Try it
Repeat the entire listing exactly. Omit all pictures.

Data shown

____________

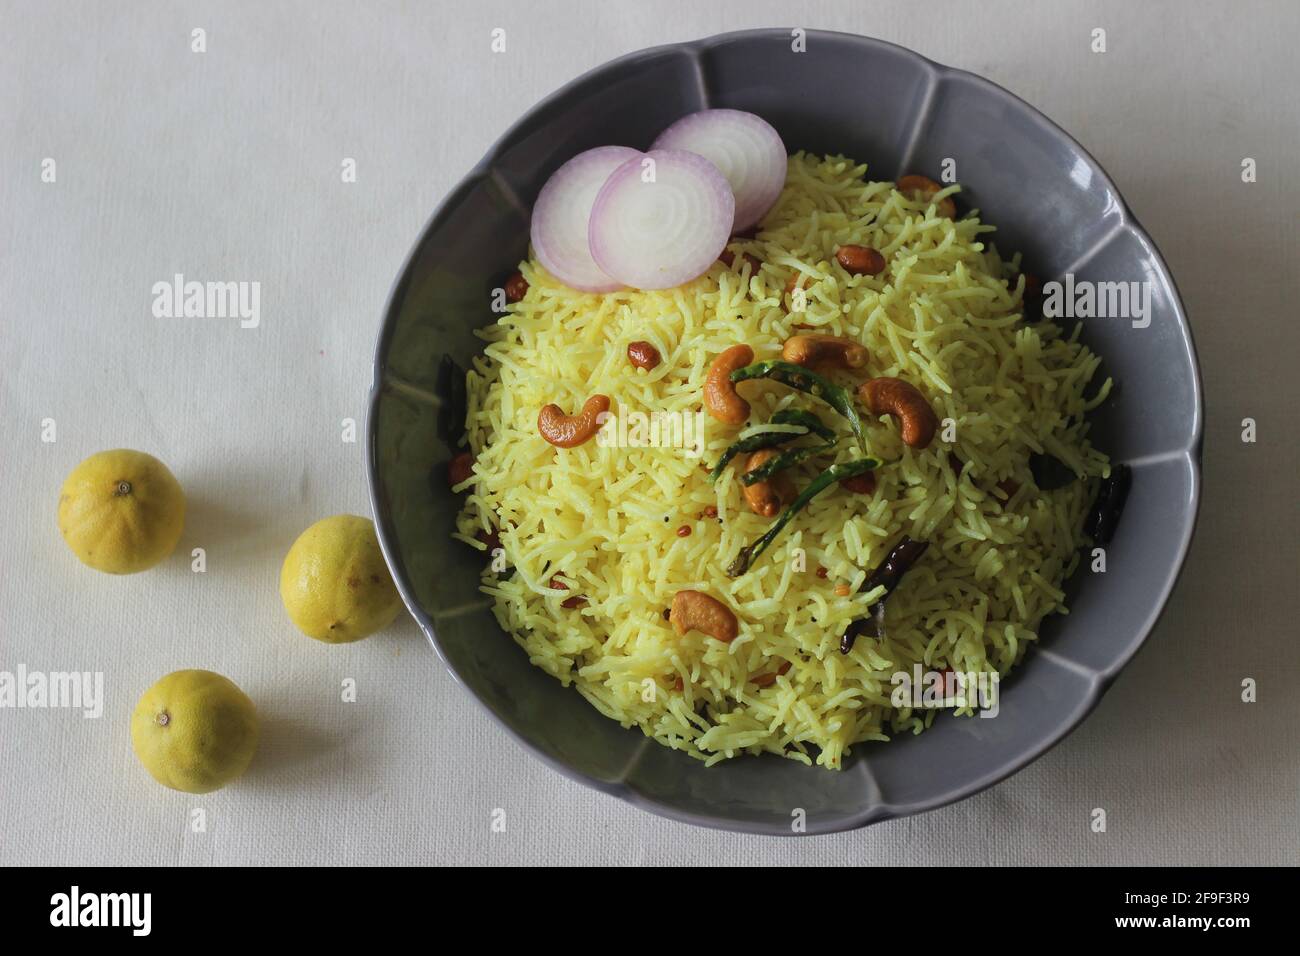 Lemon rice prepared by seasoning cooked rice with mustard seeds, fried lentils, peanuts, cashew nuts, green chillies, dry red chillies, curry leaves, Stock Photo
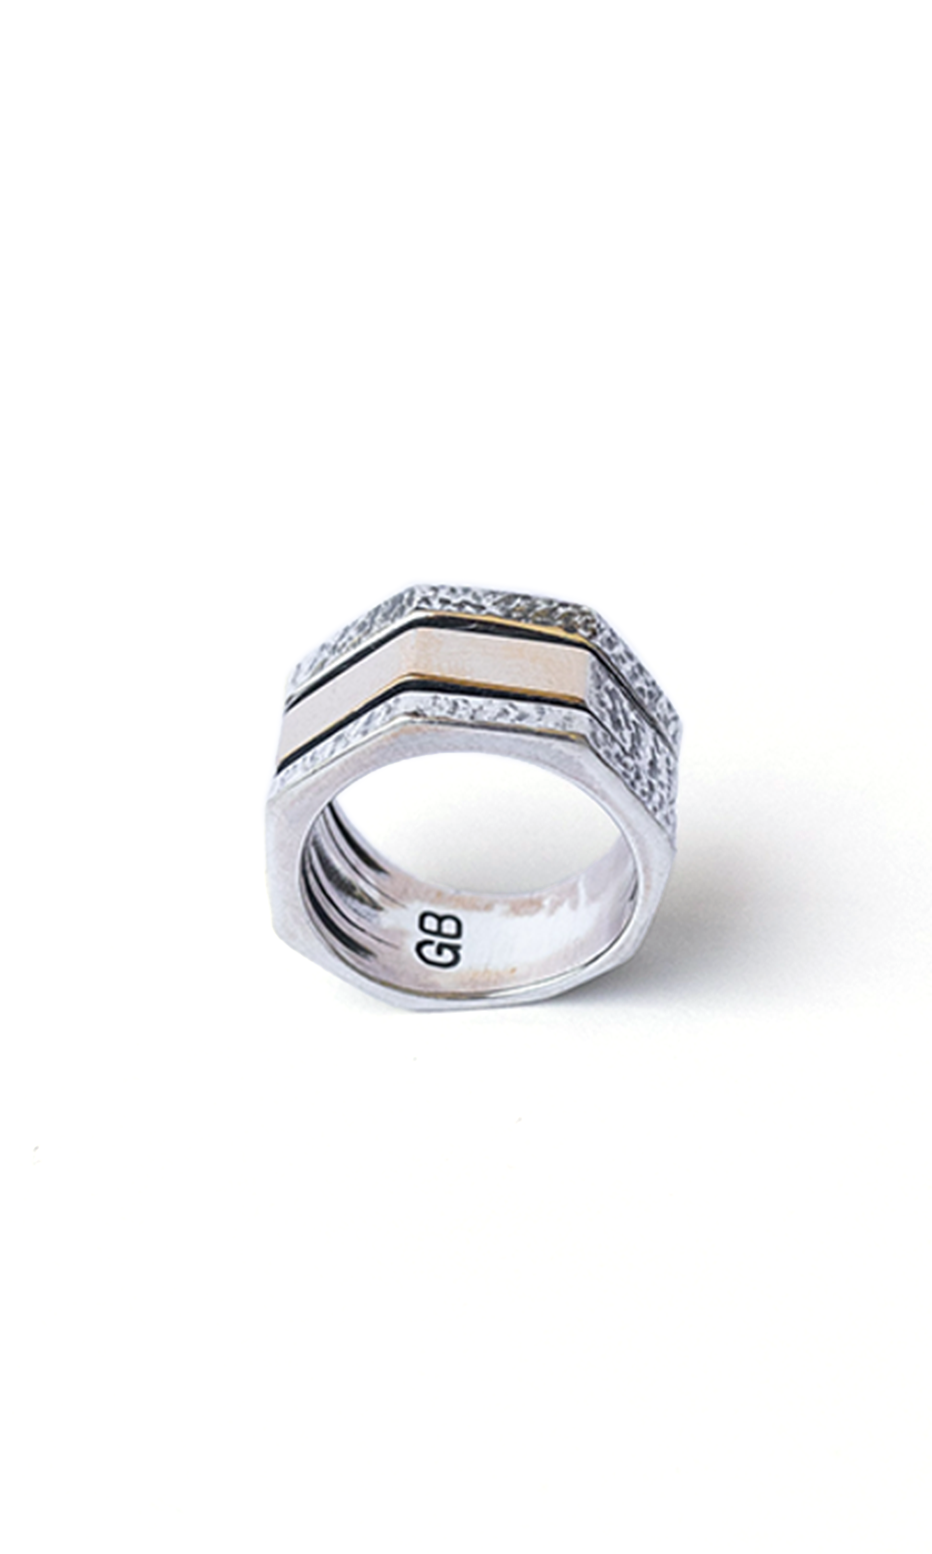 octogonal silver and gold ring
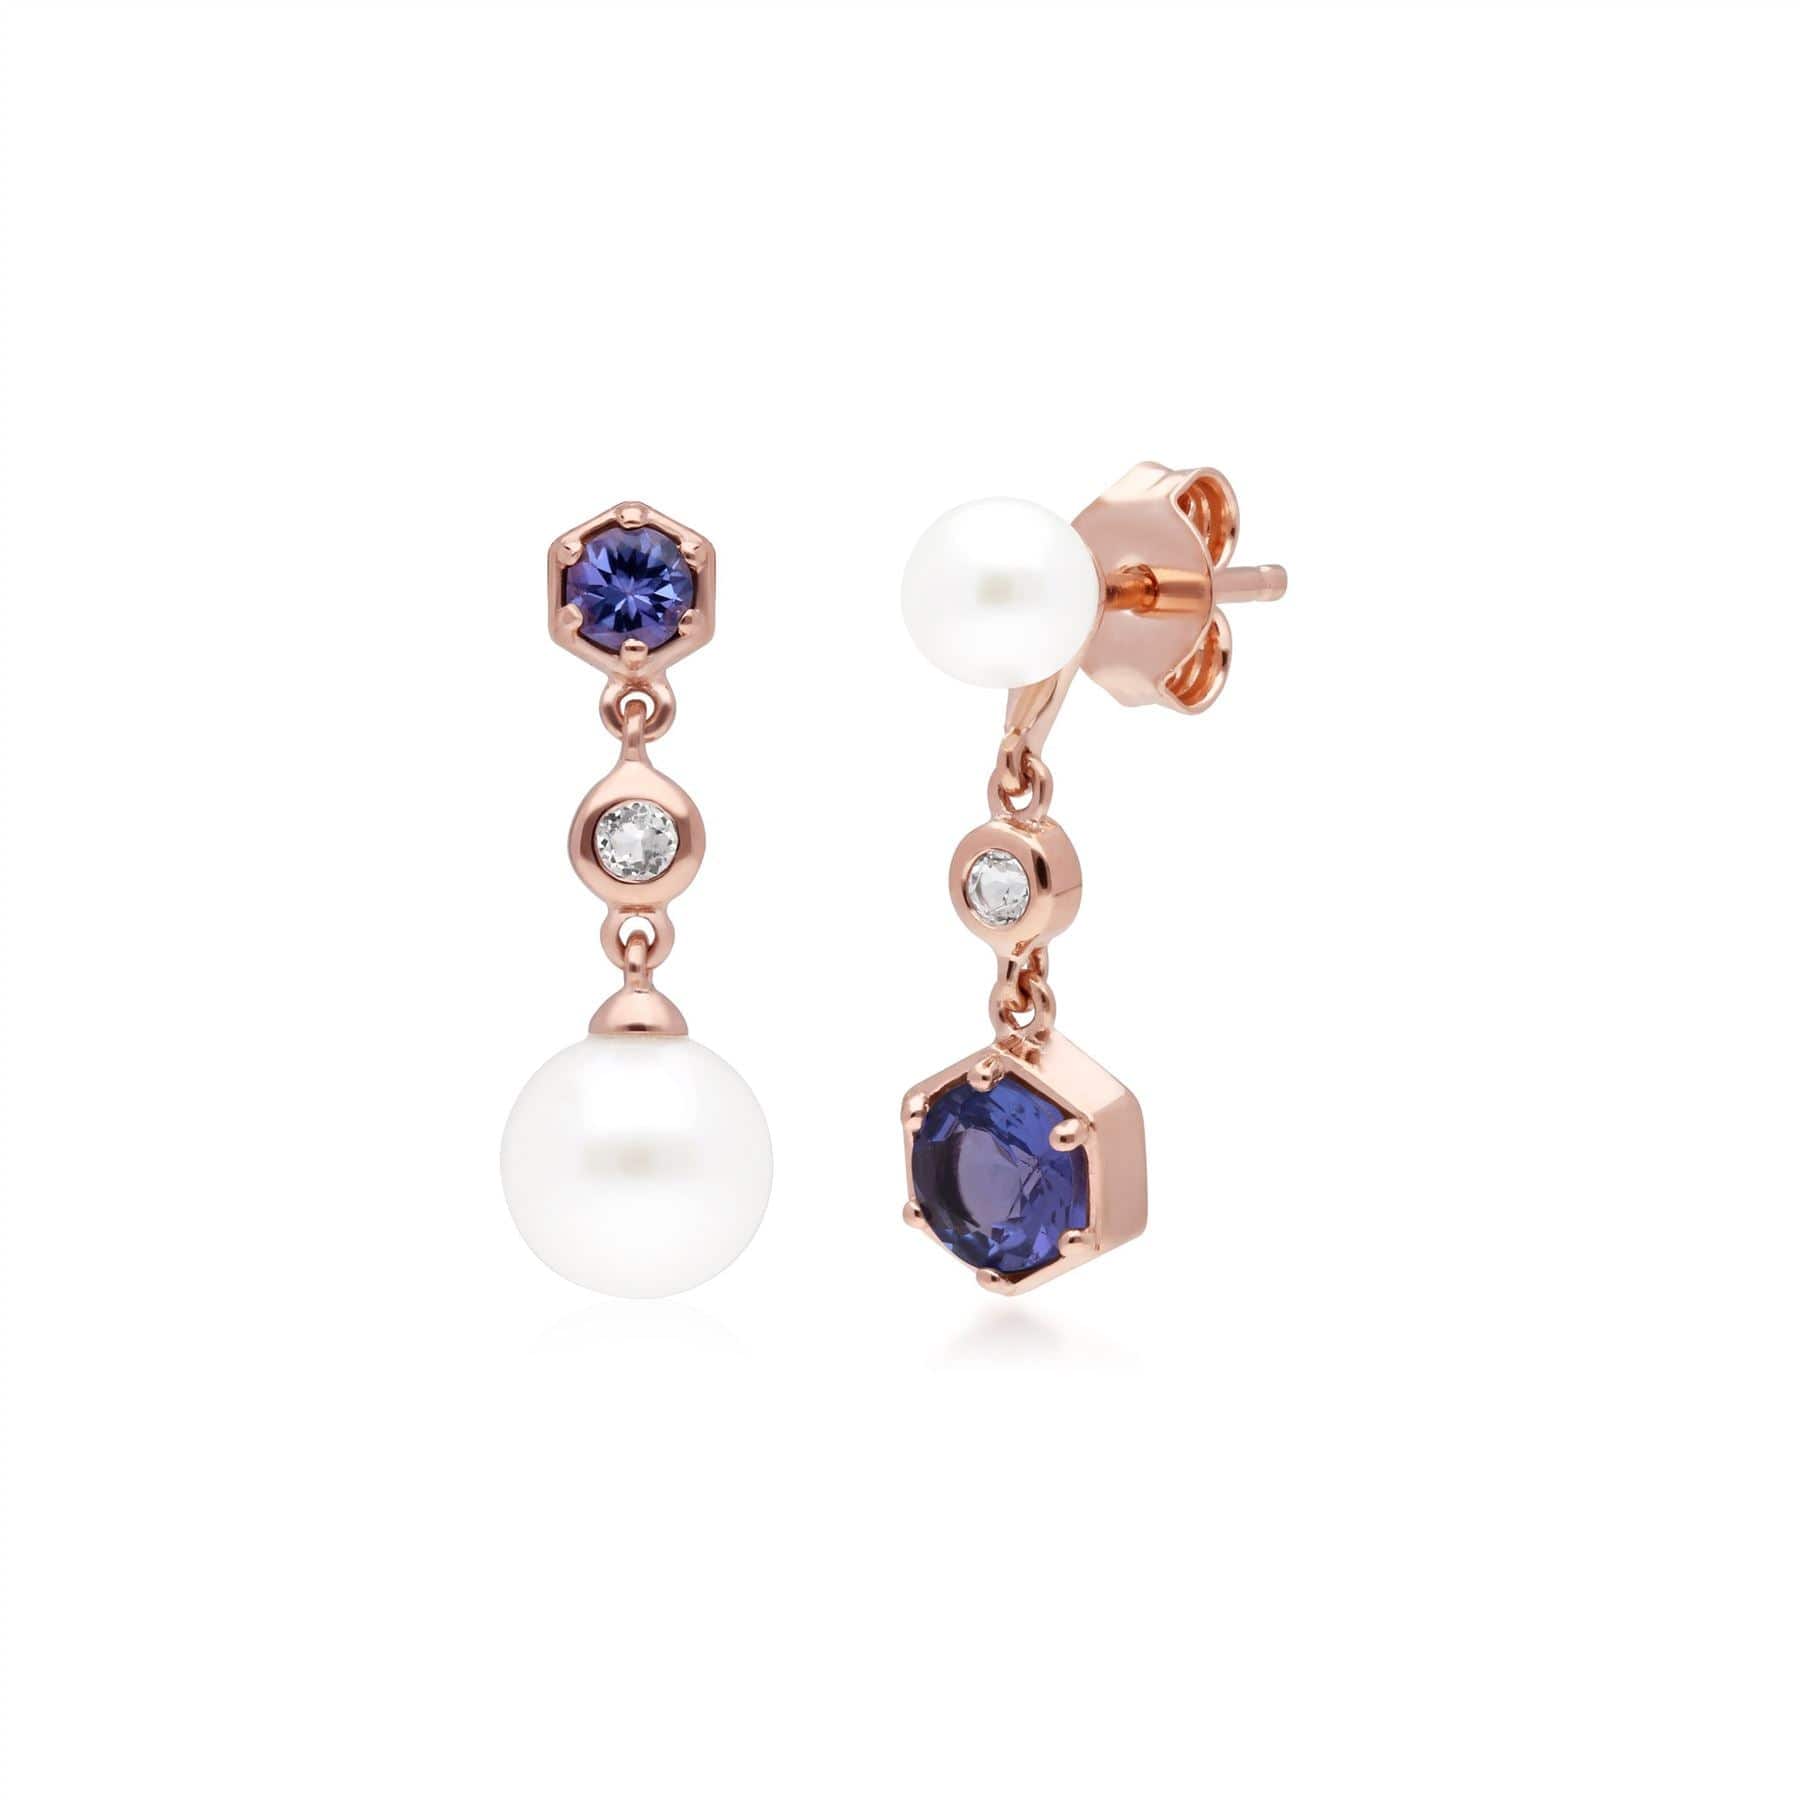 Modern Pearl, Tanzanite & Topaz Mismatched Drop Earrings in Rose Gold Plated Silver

____________

Exercise response
 Lemon rice prepared by seasoning cooked rice with mustard seeds, fried lentils, peanuts, cashew nuts, green chillies, dry red chillies, curry leaves, Stock Photo
 octogonal silver and gold ring
 Modern Pearl, Tanzanite & Topaz Mismatched Drop Earrings in Rose Gold Plated Silver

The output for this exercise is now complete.